Federal Lawsuit Filed Against Subaru in Camden Court Due to Dangerous Defect
Subaru is one of the most popular auto manufacturers in America, selling hundreds of thousands of cars in dealerships across the nation each year. But now, a lawsuit is alleging that some of Subaru’s most popular models could be ticking time bombs. The suit, filed in U.S. District Court in Camden earlier this month, alleges that numerous Subaru models consume excessive oil and suffer from piston problems, and that these defects have the potential to cause injury or death to drivers. The suit takes its allegations one step further by claiming that Subaru was well aware of these hazards, yet failed to warn its unknowing consumer base. Could your car be affected?
Subaru of America Named as Defendant in New Lawsuit
Do you own any of the following Subaru vehicles?
- Forester (2011-2014, 2.5L)
- Impreza (2012-2013, 2.0L)
- Legacy (2013, 2.5L)
- Outback (2013, 2.5L)
- XV Crosstek (2013, 2.0L)
If so, you may play a role in the following story.
Two plaintiffs — 2014 Forester owner Keith Yaeger of Escondido, California, and (former) 2013 Outback owner Michael Schuler of Lakeland, Florida — have filed a federal lawsuit against Subaru of America, whose headquarters are located in Cherry Hill.
The suit seeks unspecified damages, including both punitive and compensatory damages, while simultaneously calling for Subaru to issue a recall of the models cited above.
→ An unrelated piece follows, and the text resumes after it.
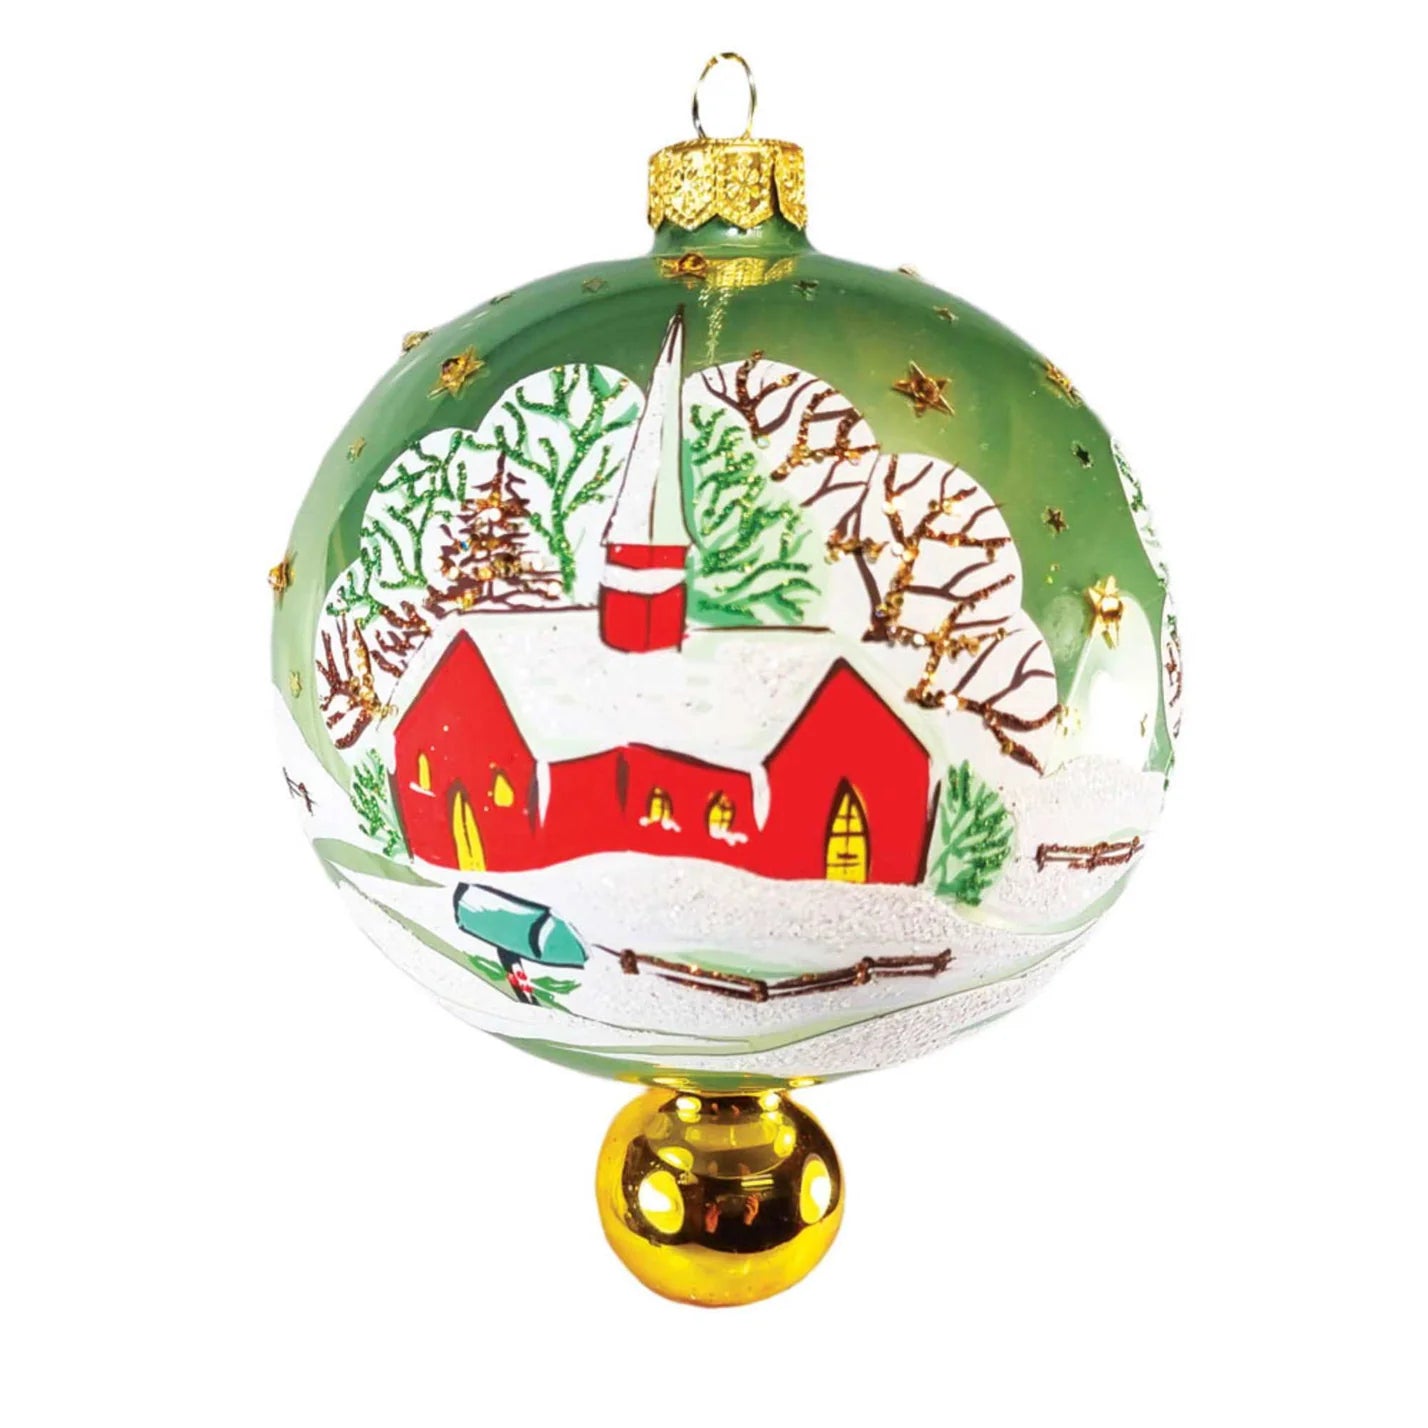 Heartfully Yours Country Chapel glass Christmas ornament

Yaeger and Schuler are currently seeking class action status.
Defendants named by the suit are Subaru of America in New Jersey, as well as Fuji Heavy Industries Ltd., which is located at the Subaru headquarters in Tokyo, Japan.
While the case is still brand new, attorney Matthew Schelkopf of Haverford, Pennsylvania is confident in the ultimate outcome, stating, “Following an extensive investigation, we now look forward to litigating the case.”
But what issue, exactly, is being litigated?
Multiple Defects Could Cause Death or Injury, and Cost Thousands to Repair
According to the plaintiffs, the Subaru models involved in the case “prematurely burn off and/or consume abnormal and excessive amounts of engine oil.” The suit asserts that this abnormal oil consumption is not a mere annoyance or harmless quirk, but a serious problem which “can cause engine failure while the Class Vehicles are in operation at any time and under any driving condition or speed.” The suit adds, “This exposes the driver and occupants of the Class Vehicles, as well as others who share the road with them, to an increased risk of accident, injury, or death.”
Fortunately, no one has been injured or killed — yet. But the risk will continue to loom over certain Subaru drivers until the issue is rectified, or the hazardous cars are recalled.
The suit goes on to state that not only do these vehicles carry a high potential for danger, but that Subaru knew about the hazards, and failed to make corrections.
Subaru is aware of the suit, Yaeger v. Subaru of America, 14-cv-4490, although the company denies the accusations contained therein. Spokesperson Michael McHale states, “We believe the oil consumption of our vehicles to be within acceptable levels.”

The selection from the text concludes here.